• **Dataset excerpt**:

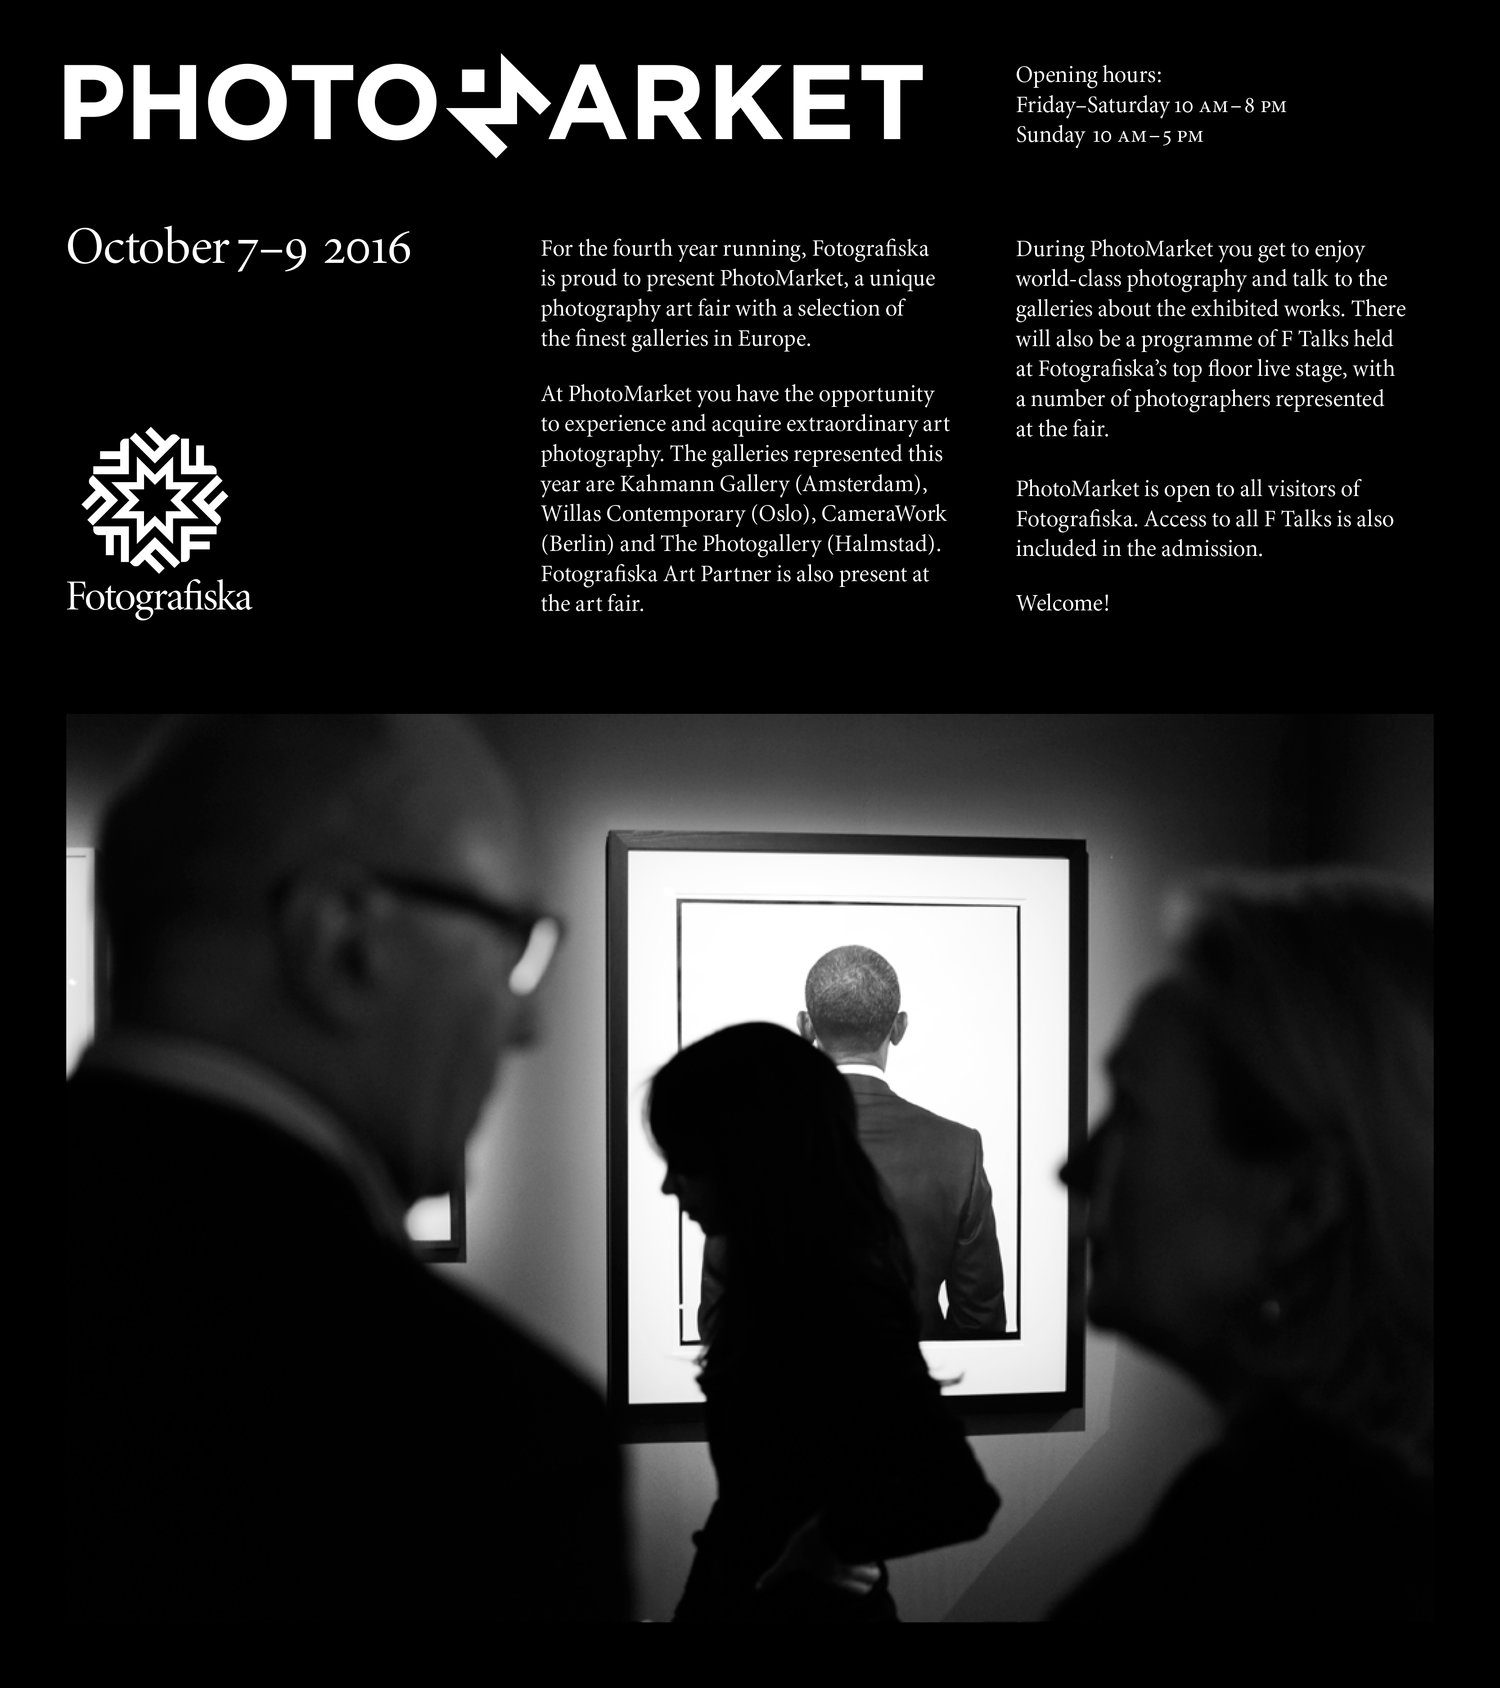 PhotoMarket at Fotografiska
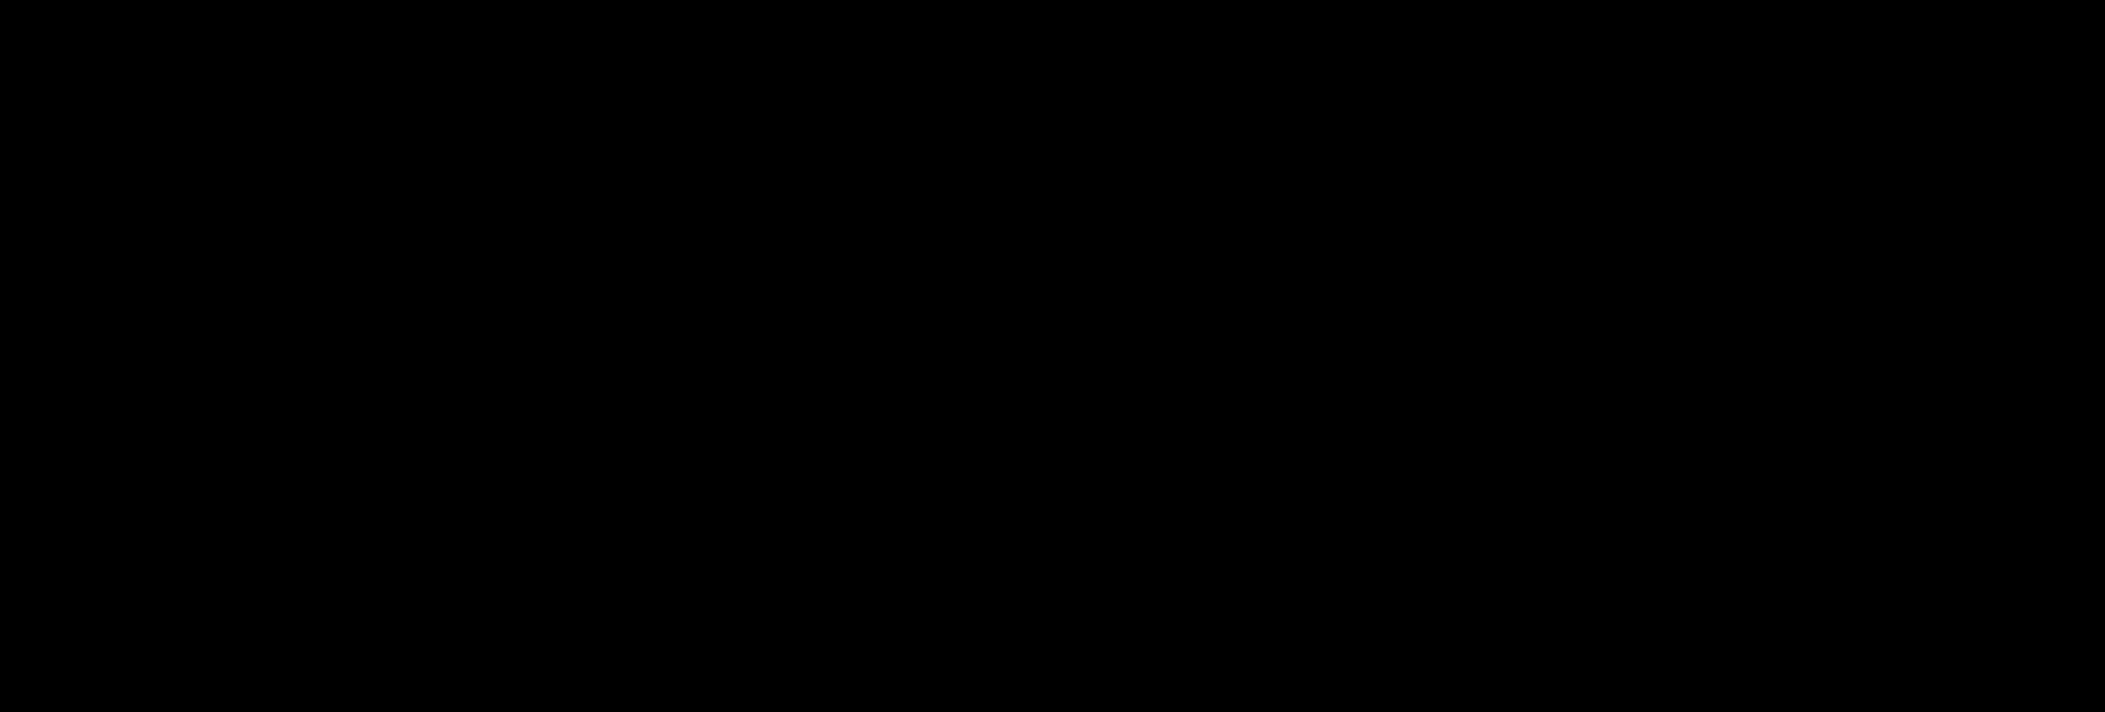 JCC-JCM-logo-03
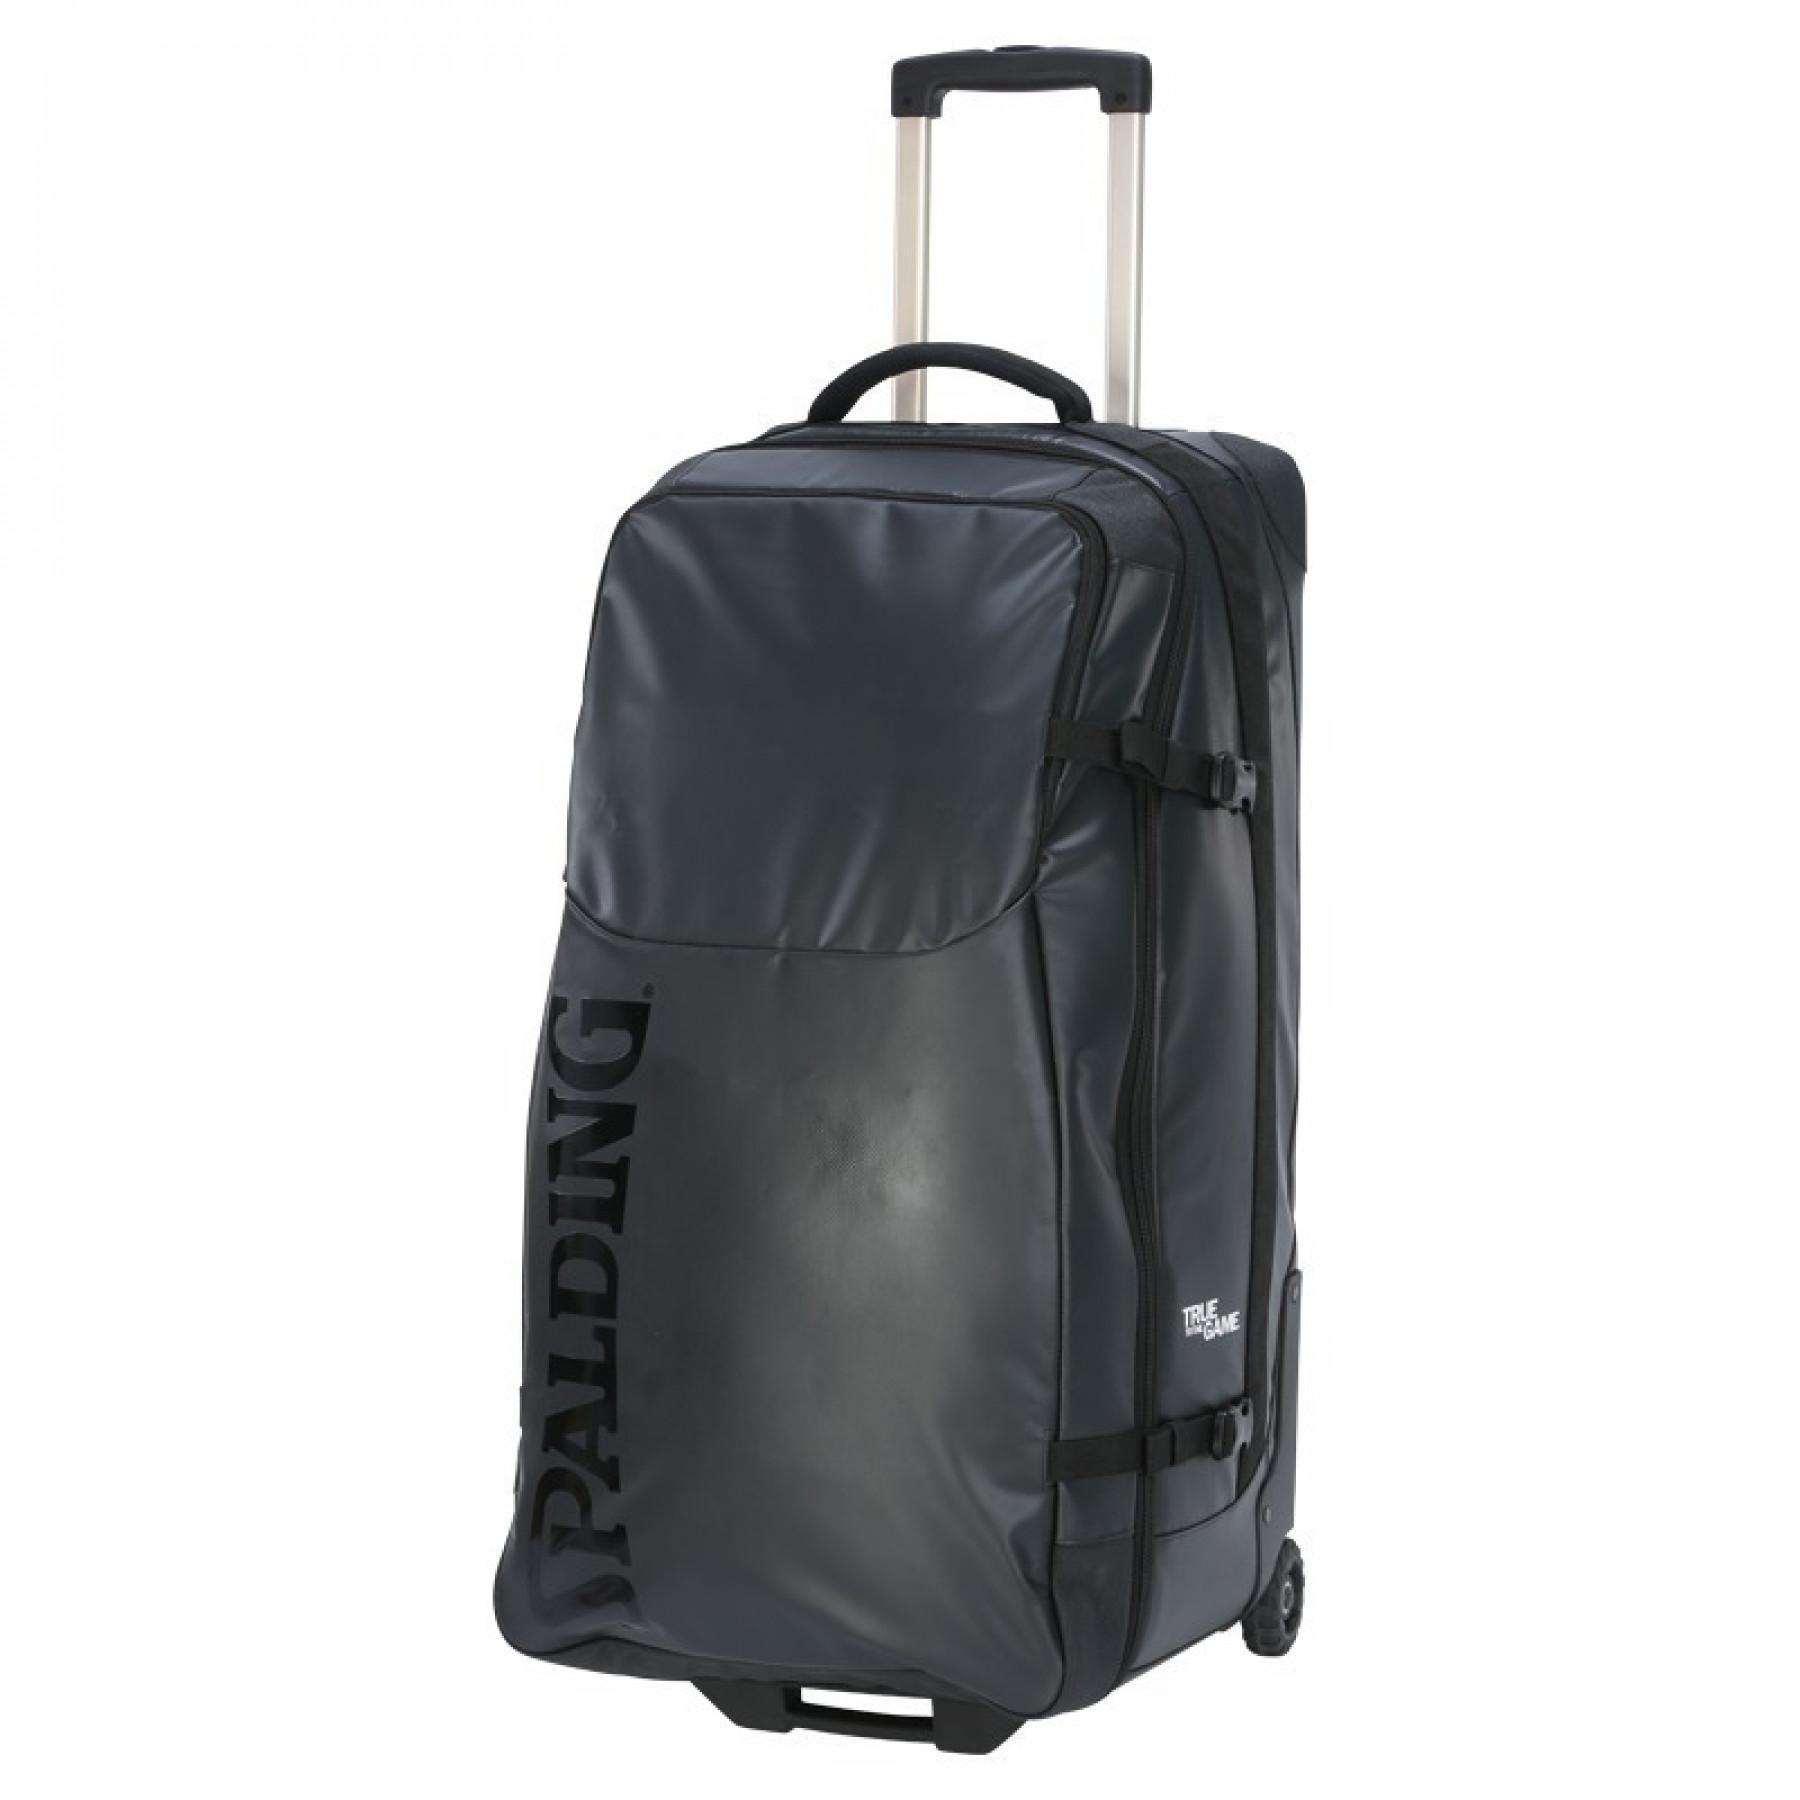 Trolley bag Spalding Premium sports 100L
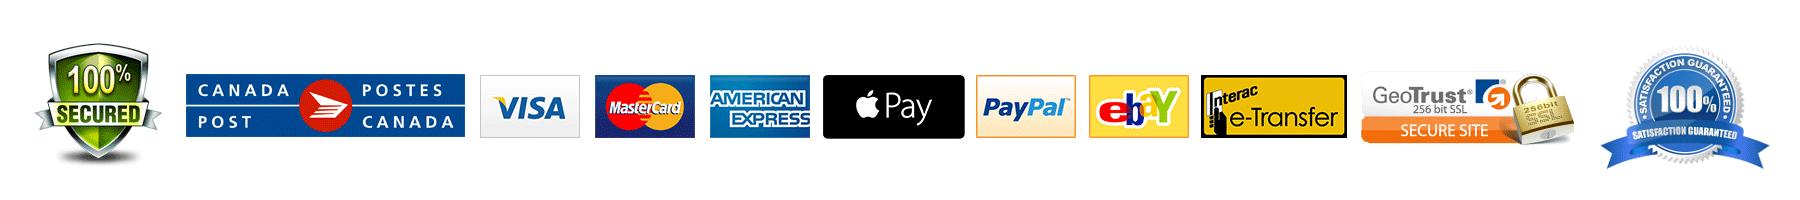 payment-banner-v7-web.png

• **Problem requirements**: Beginning with the line where "Trolley bag Spalding Premium sports 100L" appears, reproduce every remaining line of the listing above, the last one included, but none of the pictures.

• **Response for this exercise**:
 Trolley bag Spalding Premium sports 100L
 payment-banner-v7-web.png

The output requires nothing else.